Someone on this site recently linked the blog http://www.indi.ca. It’s good, for the most part. It’s anti-imperialist, pro-communist, pro-China, all that good stuff. It offers, among many other things, solid materialist analysis of things like why Ukraine has been losing and why a model depending on infinite economic growth is inherently unsustainable.

Which is why it came as a surprise and disappointment to me when the guy responsible used anticapitalism to push theocracy. The fact that he otherwise has good takes is the only reason this piece stood out enough to me to critique. I’m going to break this down.

Long ago—in the ‘Enlightenment’ they stole from the Lord Buddha—Europeans killed their Lord and called it a brave new day. They’ve been proselytizing this path ever since, calling it secularism. Instead of an invisible man they now believe in an invisible hand, with economists as its priests and scientists as its miracle workers. And this great golden god called ‘the economy’ really did work miracles. People got used to growth every year, something which used to be an anomaly. The first shall be first and the last shall be last, but don’t worry, it’ll trickle down eventually. When things got bad, as they do cyclically, the economists just sacrificed some children and poor people and it all got growing again.

In truth, all they really value is money. Principal is the only principle, profit is the only prophet, usury is the only use. The astonishing belief that there was a man in the sky was replaced with ‘the [even more] astonishing belief that the nastiest motives of the nastiest men somehow or other work for the best results in the best of all possible worlds,’ as John Maynard Keynes said. A fairly full description of capitalism from one its architects. The ‘invisible hand’ was a throwaway metaphor from Adam Smith that somehow became a state religion, like basing your civilization on a random joke you heard at a party. This obviously hasn’t worked out in the end (awfully hot, isn’t it?). Westerners thought they were following science but, more accurately, they were following Satan.

The very first thing the author does is present a false dichotomy between religion and capitalism - the possibility that a person can be both religious and capitalist (see American evangelicals) or neither (see any socialist country with a policy of state atheism) is simply not entertained.

Am I calling for a caliphate, or the return of God kings? I’m not against it.

Here we go. The bait-and-switch. Up until now, the article has been making entirely reasonable critiques of capitalism, but now it pivots to using those critiques to push social conservatism (a common fascist tactic).
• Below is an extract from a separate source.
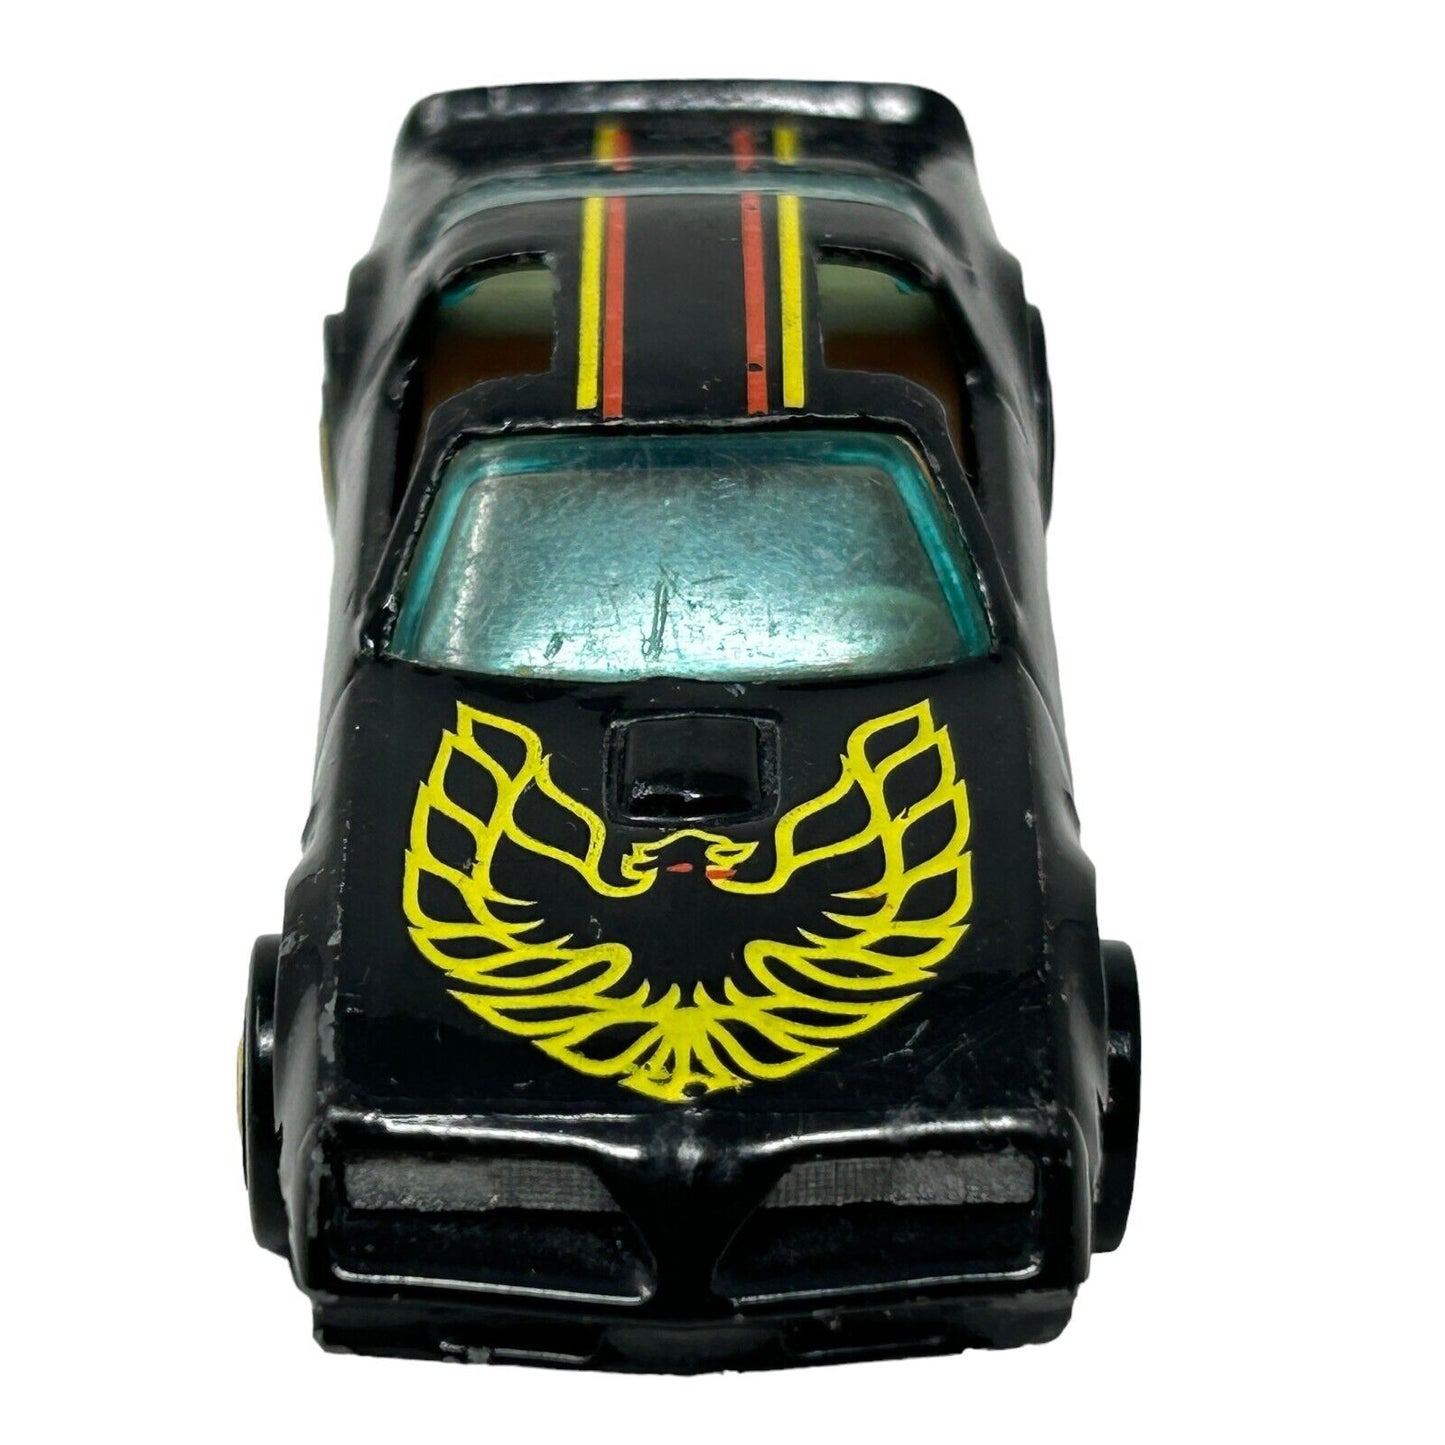 Pontiac Firebird Trans Am Hot Bird Hot Wheels Diecast Car Vintage 80s Black GHO
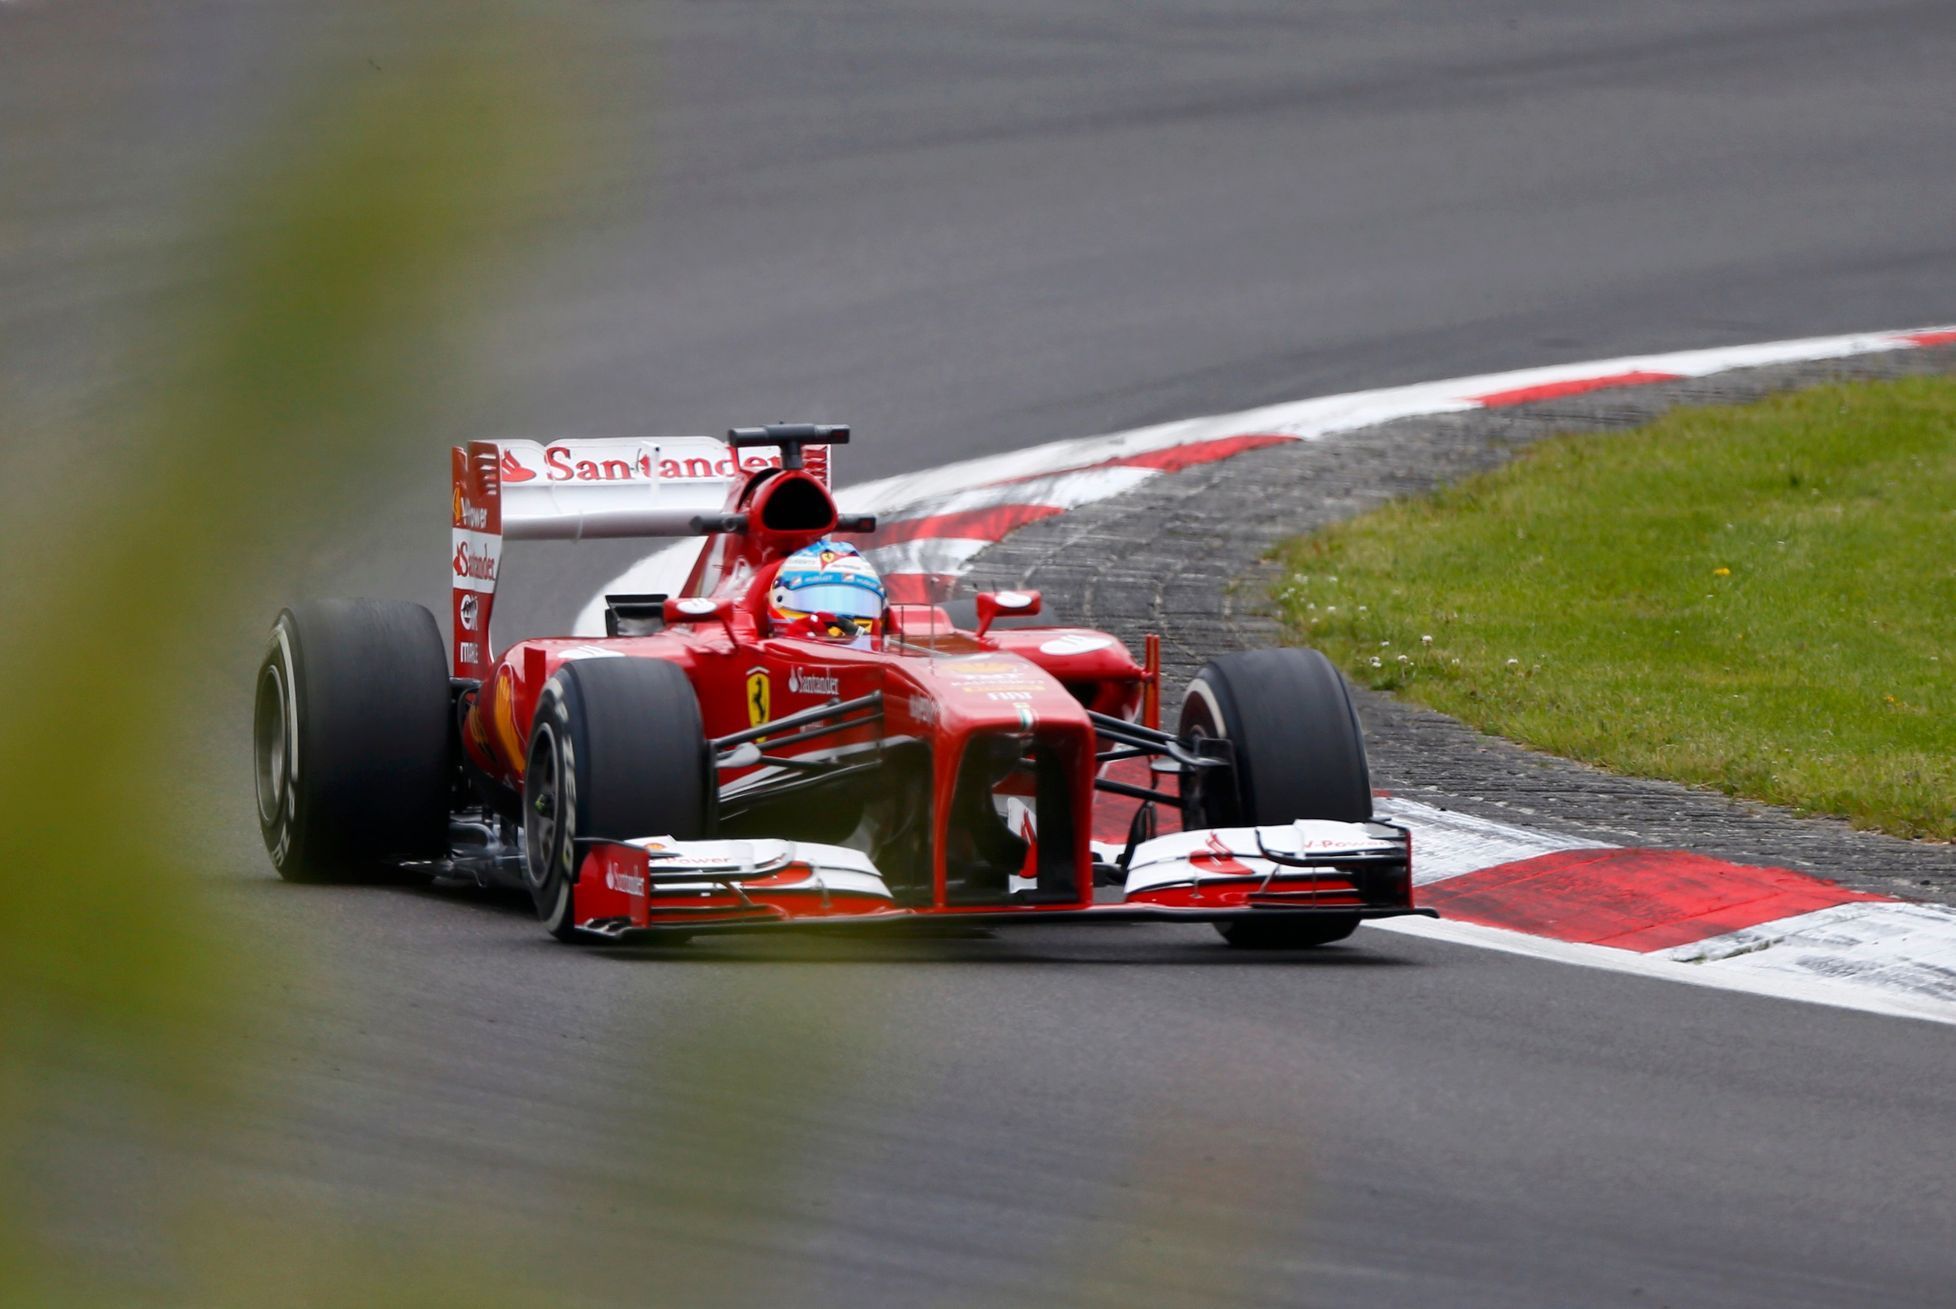 Ferrari Formula One driver Alonso takes corner during second

There are so many things wrong with this, it’s hard to know where to begin. The most obvious answer is to point out that theocracy has never stopped environmental destruction or colonial exploitation, and in fact, the two are often bedfellows. Franco’s Spain was hardly known for its environmental protections. Saudi Arabia is under religious authority, and it’s the largest oil exporter in the world while at the same time committing genocide in Yemen. Bolsonaro, a Christian fascist, gleefully bulldozed huge portions of the Amazon while driving out and murdering the indigenous population. The most rabid pro-Israel, pro-capitalist, anti-environment people in America are die-hard evangelical Christians, and Israel itself is a religious state. By contrast, communism - a movement the author repeatedly supports elsewhere - has a long and consistent history of anticlerical views and policies. Cuba has never colonized anyone and is the most sustainable country in the world.

Religion is just a way of perceiving higher things. Why shouldn’t it have a place in governing?

The author is straight, male, and a member of the majority religion in his country (Buddhist in Sri Lanka), which may be why this poses a legitimate question for him. It’s very easy to answer “why shouldn’t it” if you’re trans woman in the US, a gay man in Iran (or the US), a woman in Saudi Arabia (or the US), or a Muslim in India (or the US). He does not consider these people even for a second - or if he does, he considers them an acceptable sacrifice. Given that he has already written about his own country’s religious authorities persecuting minorities, I lean toward the latter. “I’m okay with you and your friends being murdered by theocratic fascists to save the world” would be ghoulish even if it would actually work. As it is, it’s just grossly indifferent to human life.

It all started when western philosophy severed the religious part of their brain (the practicing, not the preaching) and ran headlong across the continents, killing, colonizing, and enslaving and calling it ‘enlightenment’. This was supposed to be replaced with a secular, scientific morality, but we the colonized have never seen any evidence of this.

This is, of course, a completely ahistorical and absurd view of colonialism. The old-time European colonizers loved their Christianity. Residential schools, missionaries, and forced conversions were all part and parcel of the colonial playbook. Churches backed colonialism under the guise of saving souls, and the enterprise was carried out by kings and queens who justified their rule with divine right.

The author has spoken positively of Christianity elsewhere in his blog, so I’m sure he would say that all of these examples weren’t “real Christianity” - an argument that rings as hollow as when capitalists say that monopolies and colonialism “aren’t real capitalism.” We must judge a system by its results when put into practice.